I am partial to the LC as I now have 2.  Kaiya has not been difficult at all as far as grooming and rarely gets anything stuck to her coat, but she is not typically as long coated as others I've seen. Achilles, I think, will have a much longer coat, so I will probably see those issues down the road.


----------



## fuzzybunny (Apr 29, 2011)

I have a plush-coat Shiloh and he's a real pain to clean when he gets dirty. When I bathe him after he gets muddy the dirt just keeps coming. My female is a smooth coat and I can get her all clean in about 5 minutes whereas he takes about 15-20 minutes. I think I'm going to stick with smooth coats from now on.


----------



## FG167 (Sep 22, 2010)

I prefer short coats - I prefer wash-and-wear dogs overall. I think the long coats are gorgeous but definitely not for me!


----------



## lisgje (Sep 3, 2010)

Have had both, both shedded about the same. However, I truly loved snuggling with my long haired, Shane, like a big plush pillow! And his tail was truly beautiful!


----------



## prophecy (May 29, 2008)

I have 2 of my sheppies who are longer coated.Pip and Mischa.

Mischa is a long stock coat(has both gaurd hairs and undercoat)
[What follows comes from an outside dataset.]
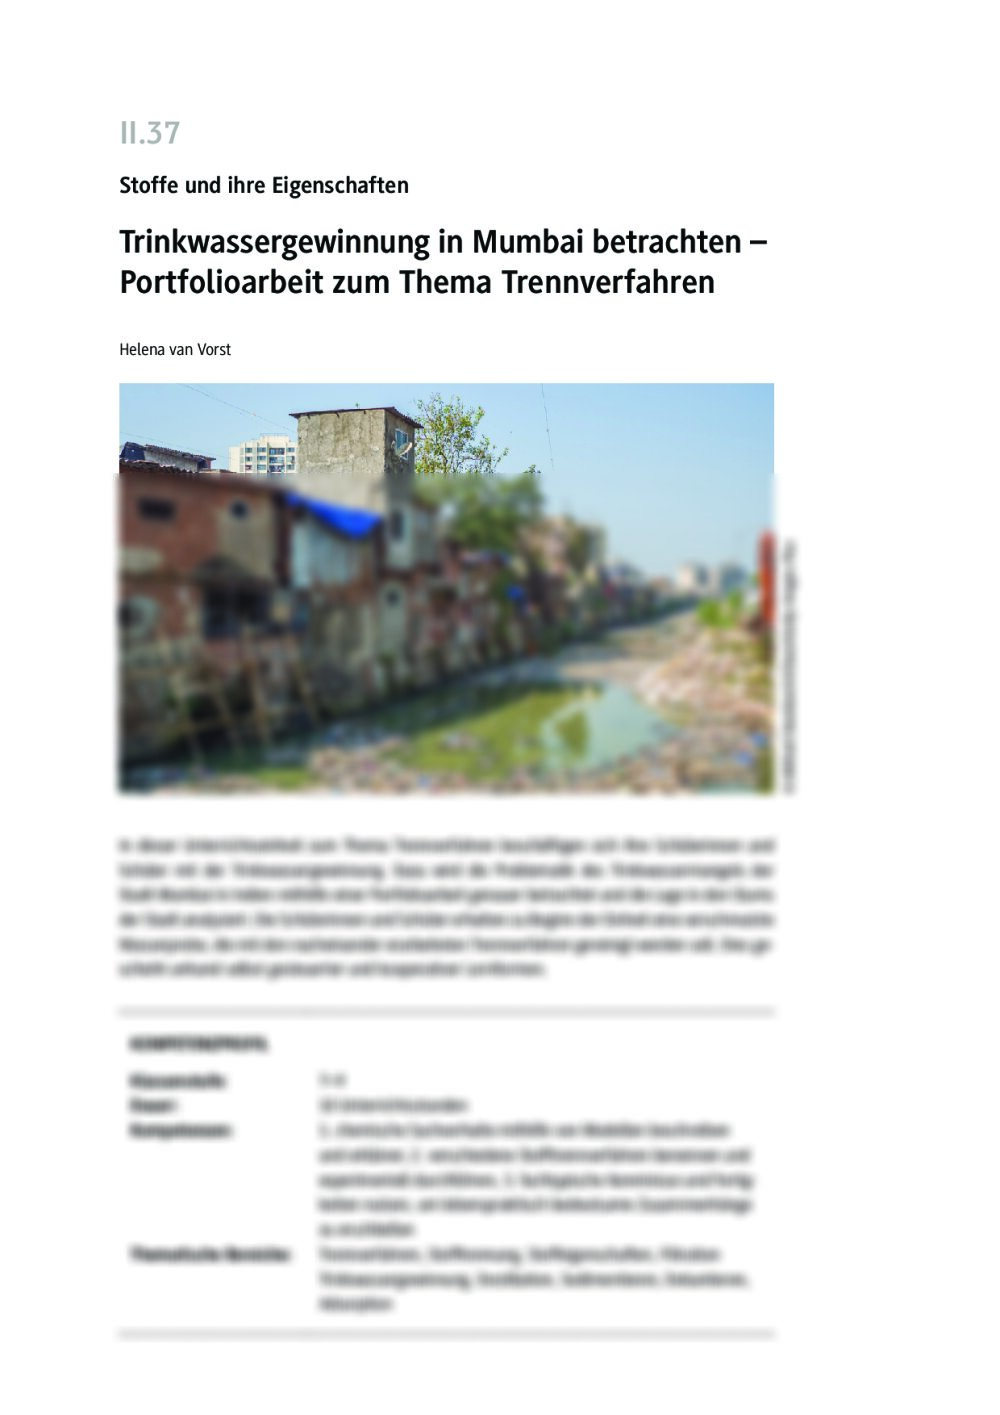 Trinkwassergewinnung in Mumbai betrachten - Seite 1

Pip is a shiloh shepherd/german shepherd mix.She is a lot like Mischa in her coat,though her gaurds are more ''course'' in feel and her hairs on the top part of her butt are curly.lol

Honestly,Mischa and Pip shed LESS than Beep,my showline stock coat. Neither mischa or pip seem to have any trouble with stuff getting stuck in the coat,and they dry VERY fast when wet,even when soaked to the skin.The wicking ability of the coat is actually better than that of Beep's coat.FeNyx is still in puppy coat so only time will tell.She is more of a working line pup,with mostly american work lines with some DDRs back in her ped.I do know her puppy coat is very tight and really really dense.


----------



## IntheDawgHaus (Nov 11, 2010)

I've had long, short, plush. They all seem to leave dust bunnies.


----------